If you see no per_gpu lines, GPU collection is still disabled — revisit steps 1–4 above.


Why does my ResourceUpdate have cpu_percent=null?

This is expected for resource_scope="per_gpu" events. Per-GPU events carry only gpu_percent and gpu_id. To get CPU/memory for the same node at the same time, read the corresponding resource_scope="per_node" event and join on (session_id, node_id).


How do I tell node-level and per-GPU events apart?

Use the resource_scope field — it is always set and is the canonical discriminator:

if event.resource_scope == "per_node":
    print(event.cpu_percent, event.memory_percent)
elif event.resource_scope == "per_gpu":
    print(event.gpu_id, event.gpu_percent)

Do not rely on event.gpu_id is None — while currently equivalent, resource_scope is the stable, documented API.


Does telemetry add overhead to my workload?

Telemetry is designed to be low-overhead:

  • The event bus is an asyncio.Queue with put_nowait — O(1), non-blocking from any context.
  • Resource polling runs in a daemon thread (Concurrent) or a separate Dragon worker process (Dragon), so it never competes with the asyncio event loop.
  • Default poll interval is 5 seconds. For dashboards, 1–2 seconds is fine. Sub-second polling is not recommended in production.
  • The JSONL file is line-buffered — no fsync per event.

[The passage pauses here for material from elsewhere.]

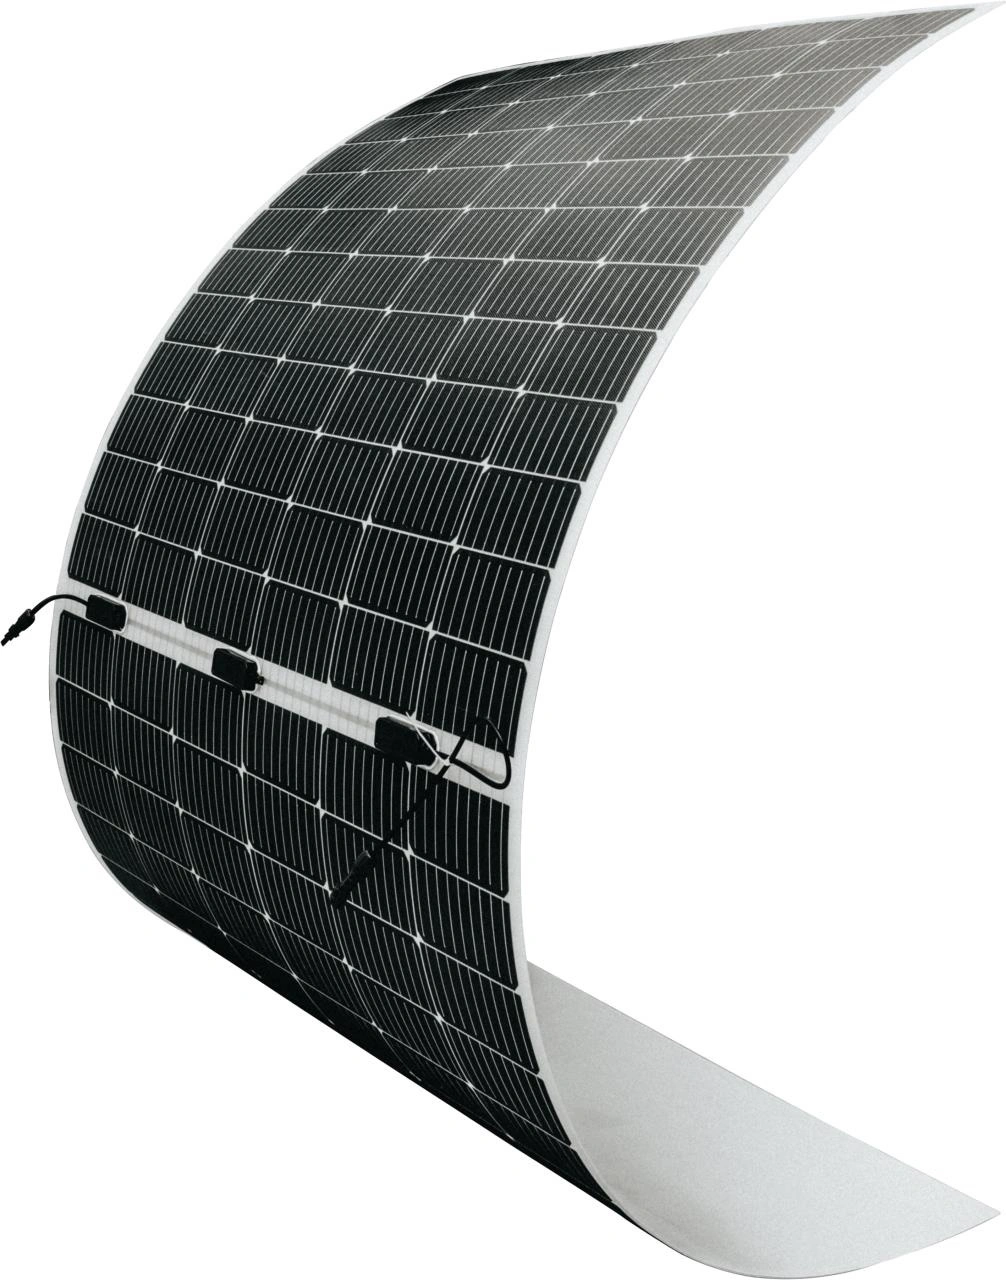 520W 430W 375W 175W 100W 90W Flexible Solar Panel Bendable Solar Panel Curved Solar Panel Foldable Solar Panel Portable Solar Panel for Home Roof Carport RV

At default settings (5 s poll, checkpoint on stop), telemetry overhead is negligible. For a 6-hour run with 10 nodes, expect a JSONL file of roughly 10–50 MB depending on task throughput.


Can I use telemetry without writing a checkpoint file?

Yes. Omit checkpoint_path:

telemetry = await session.start_telemetry(resource_poll_interval=5.0)

All in-memory data (metrics, spans, event log) remains available via telemetry.summary(), telemetry.read_metrics(), and telemetry.read_traces() until session.close() is called.


Can I send telemetry to Grafana / Jaeger / Prometheus?

Yes — see Integrations & Extensions for step-by-step setup with Prometheus+Grafana (via the OTel Prometheus exporter) and any OTLP-compatible backend (Jaeger, Grafana Tempo, Dynatrace).